Work instruction
The reply needs the lines from the one containing "Куртка 5.10.15. Размер 80 от Младенец.ru" through the end of the material, each repeated exactly, and no pictures.

Recorded information
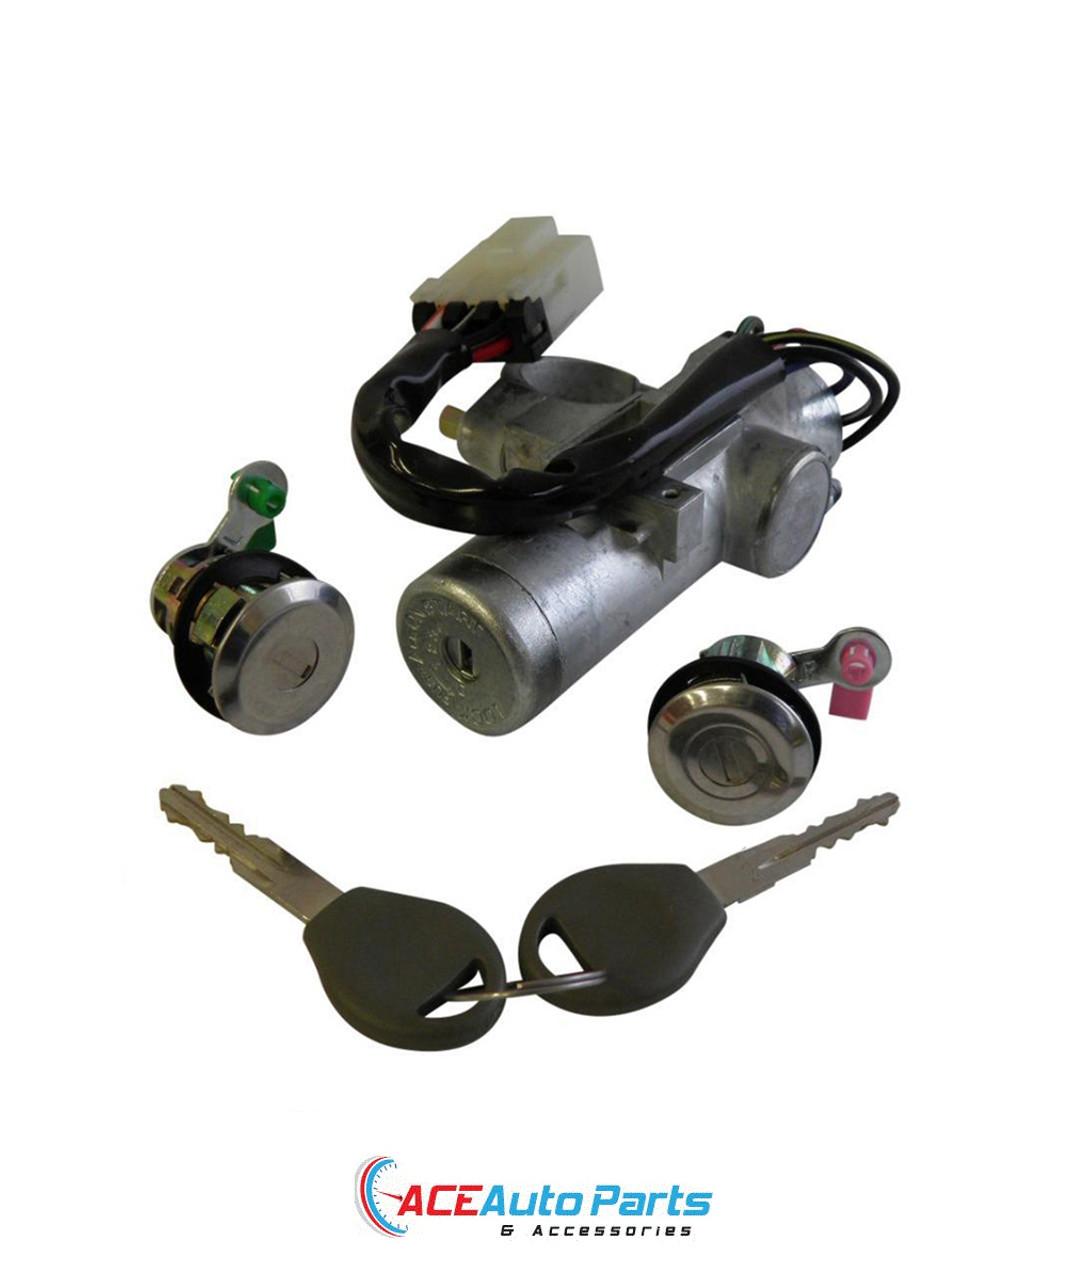 Ignition barrel switch door locks set For Nissan Navara D22.
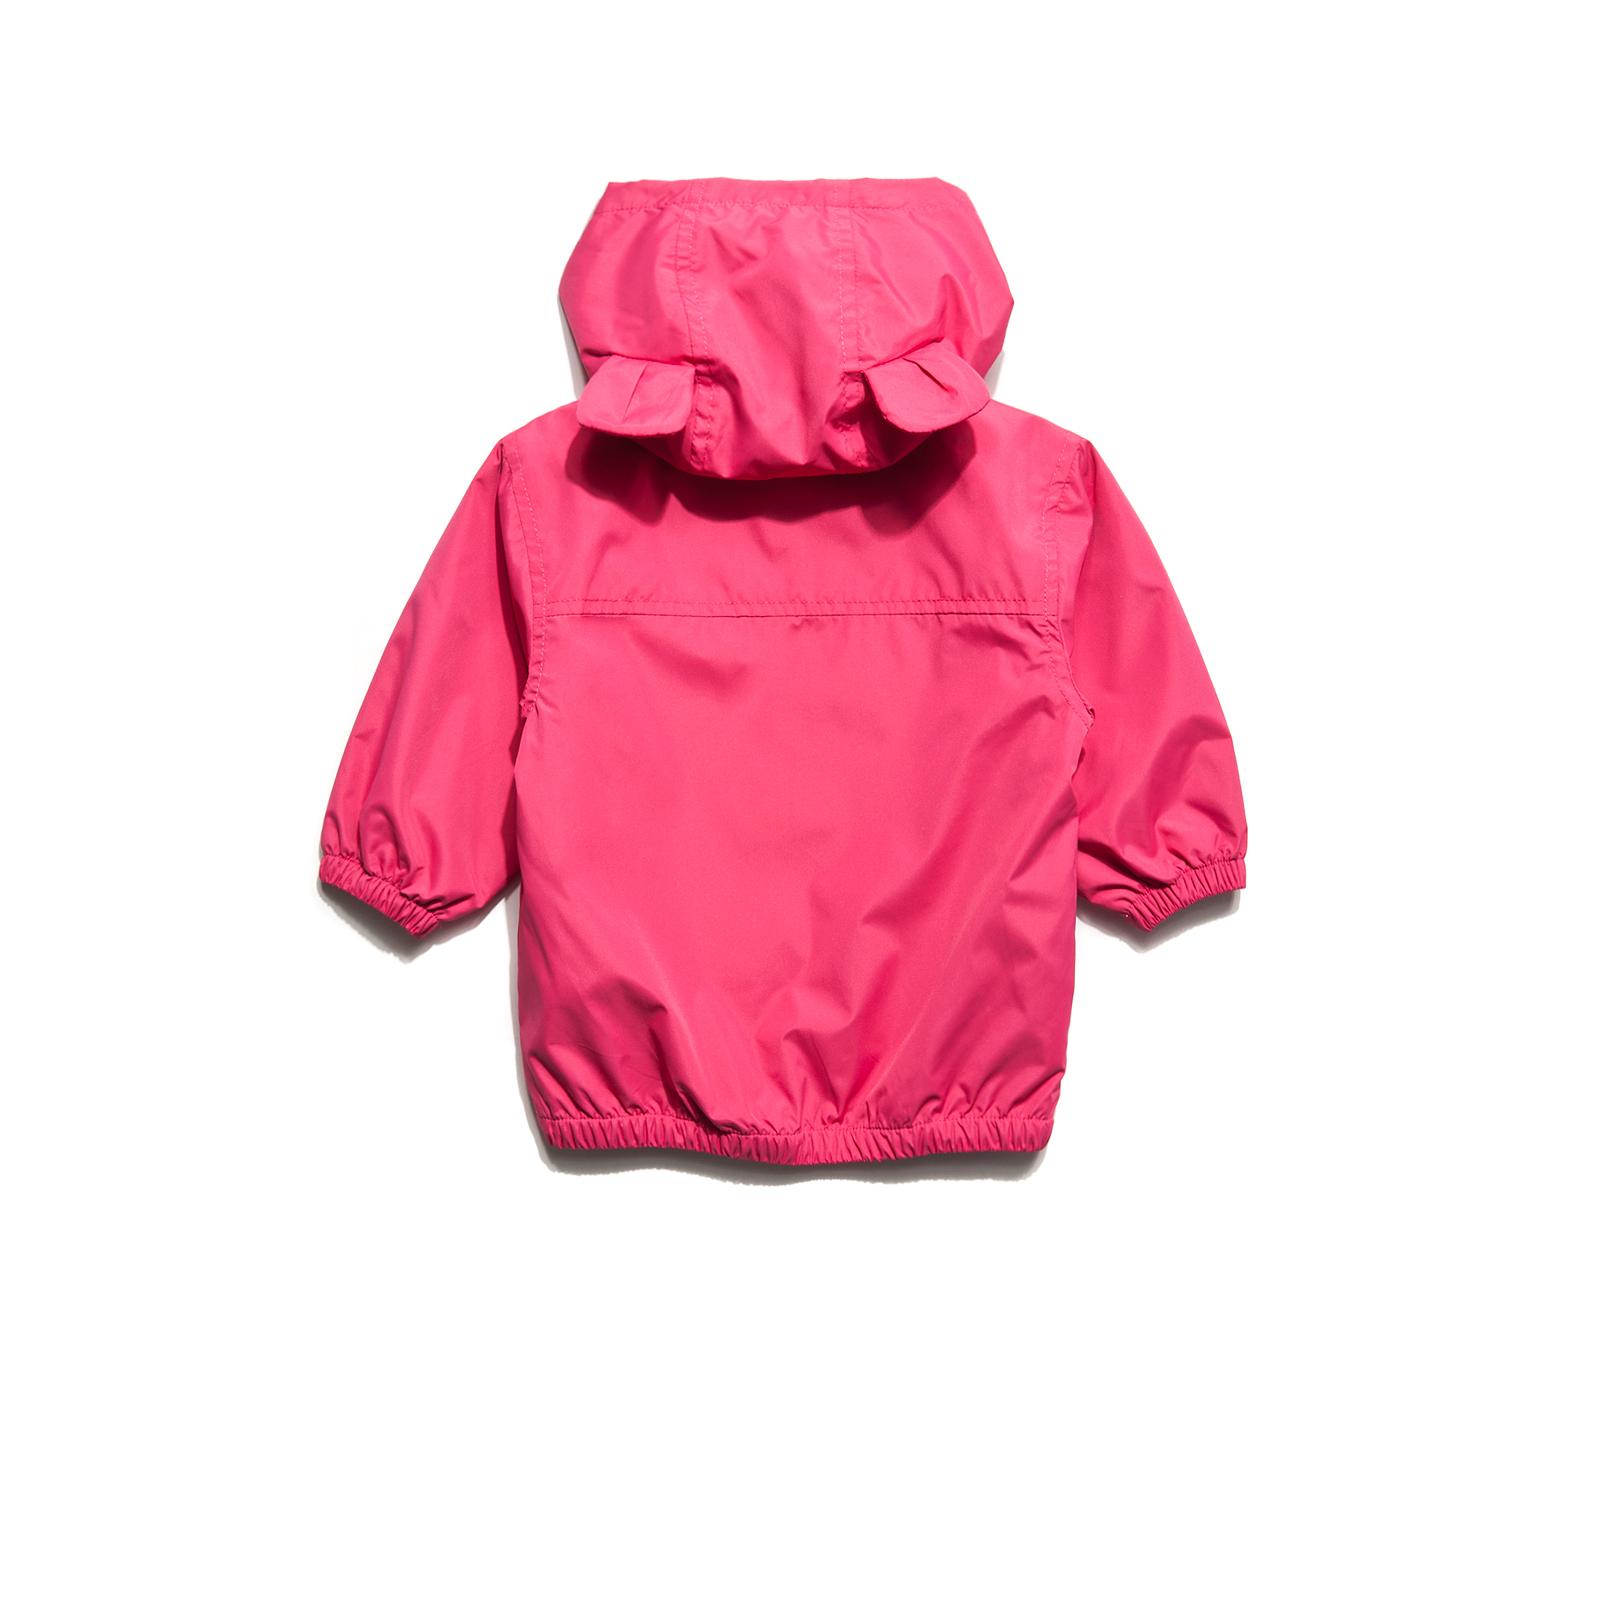 Куртка 5.10.15. Размер 80 от Младенец.ru
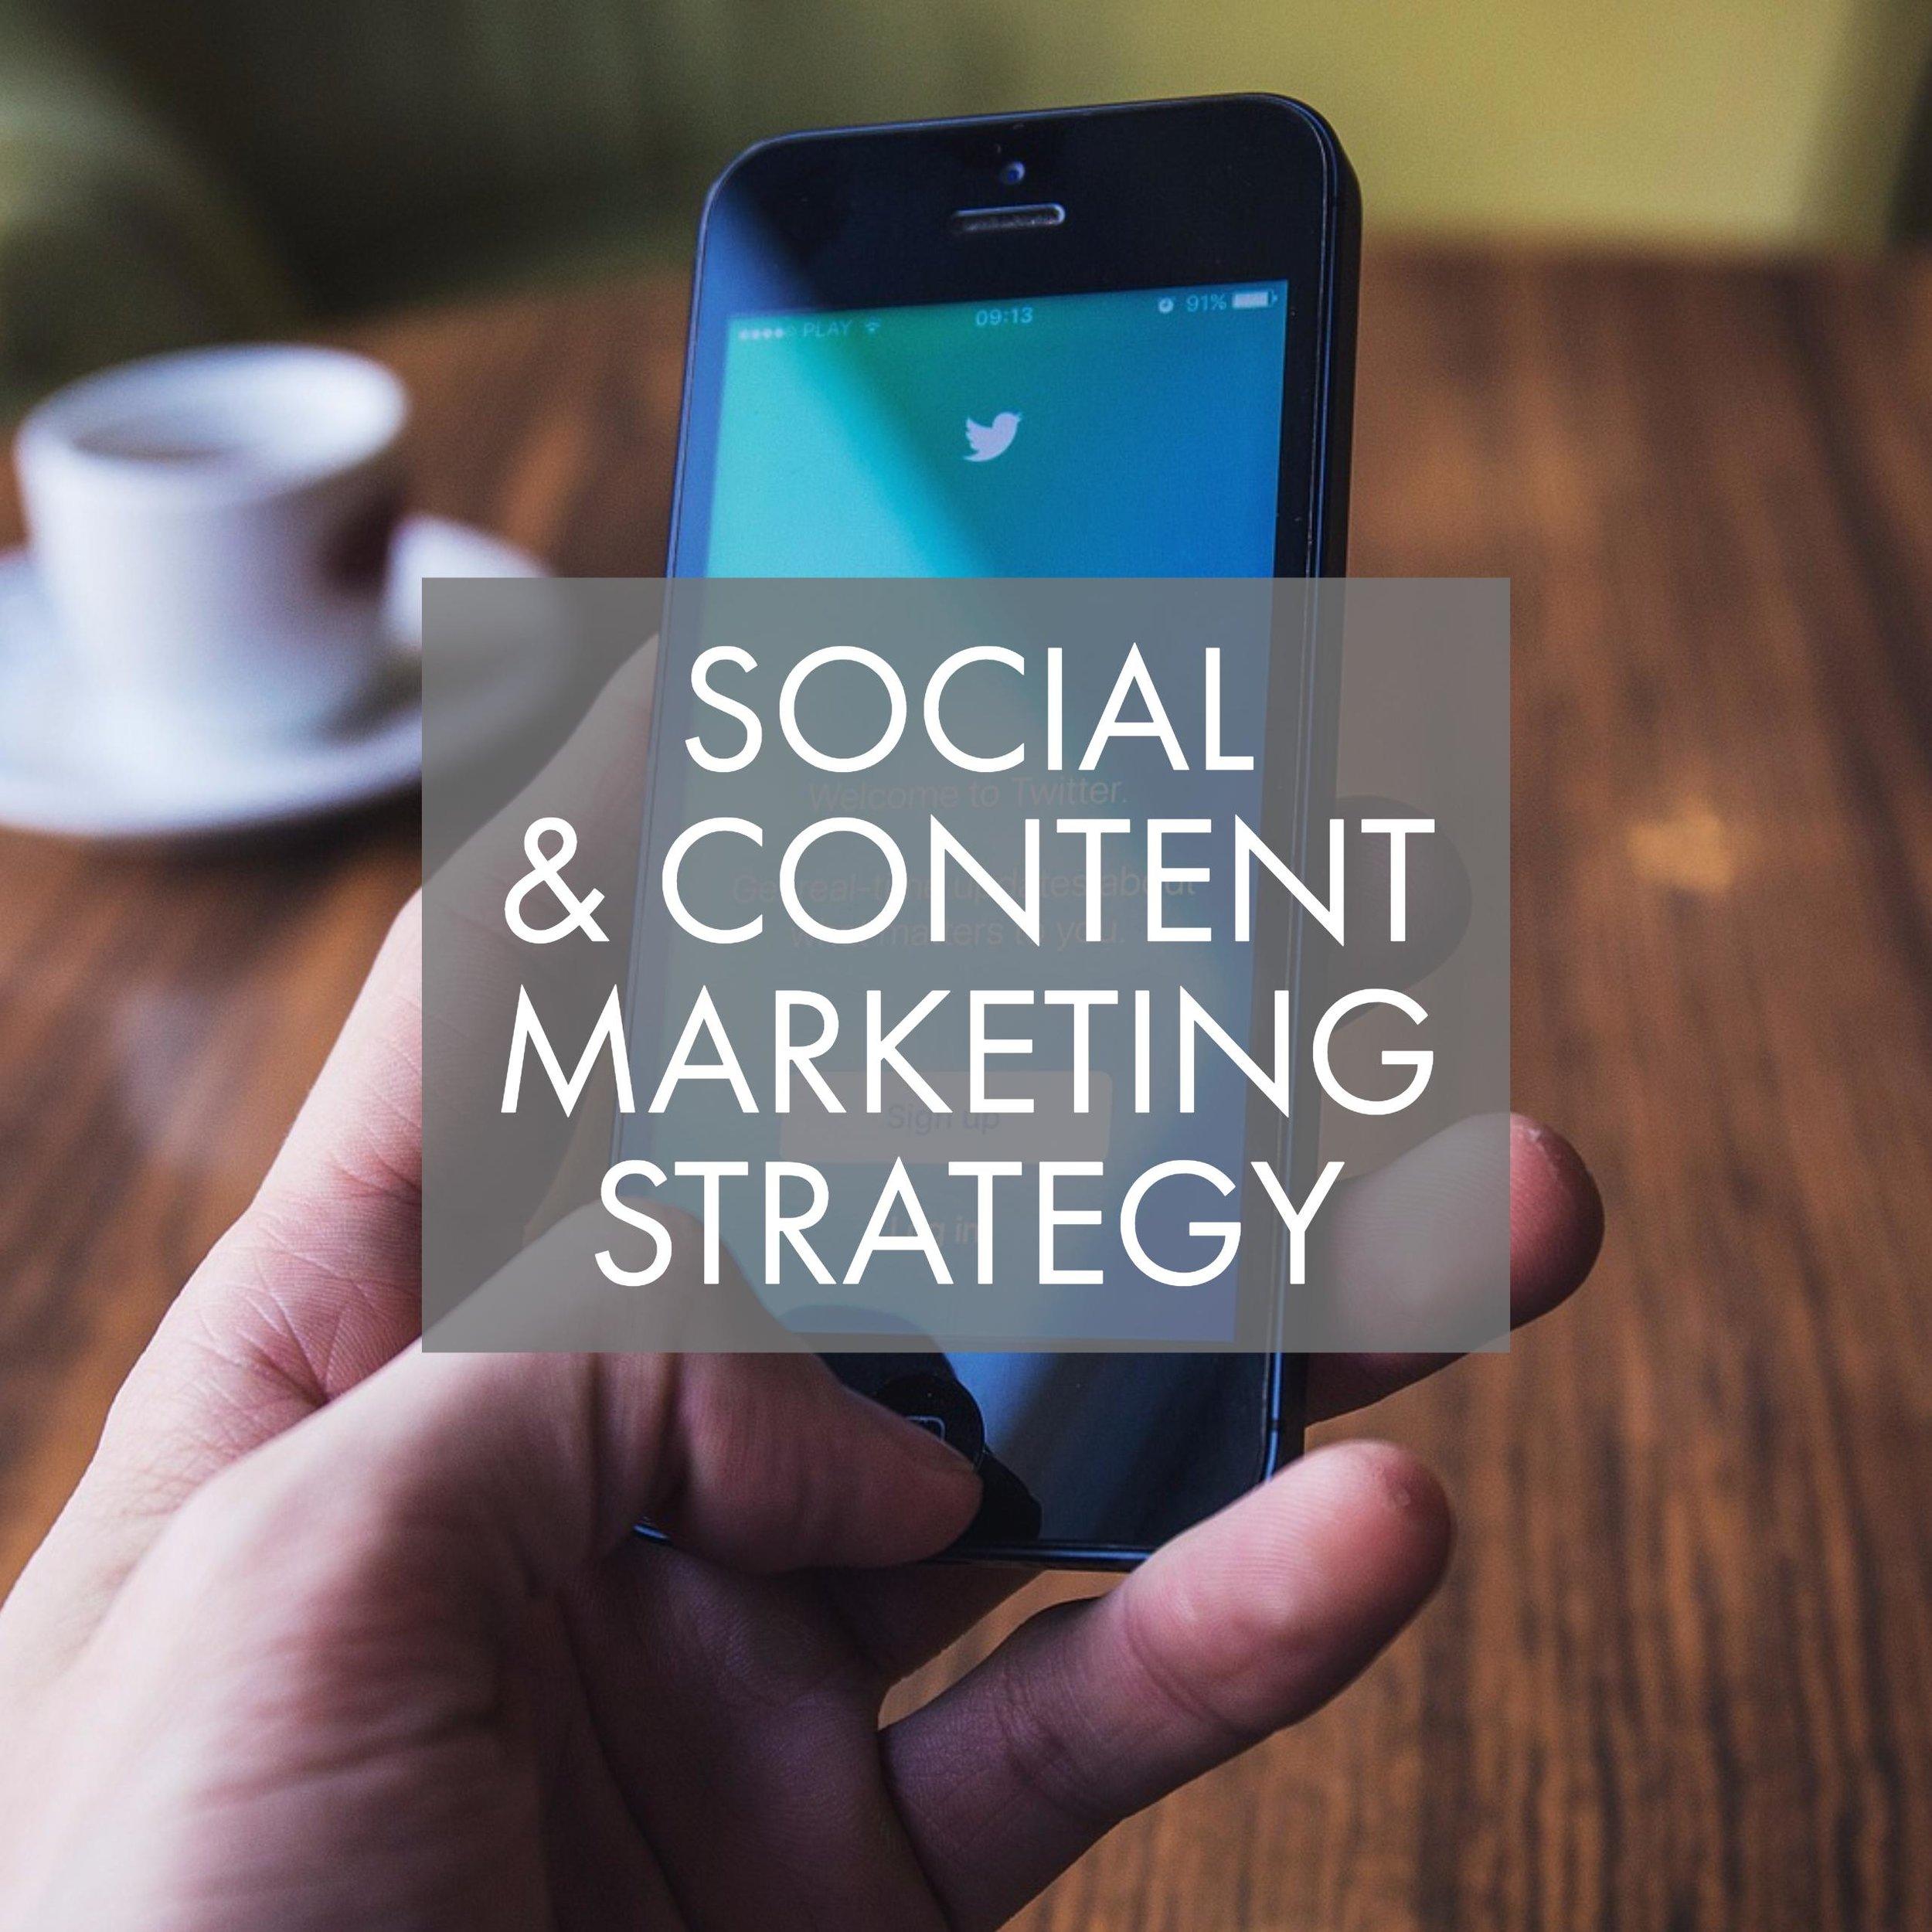 social-content-strategy-wolffsamans.jpg

Solution to the problem
 Куртка 5.10.15. Размер 80 от Младенец.ru
 social-content-strategy-wolffsamans.jpg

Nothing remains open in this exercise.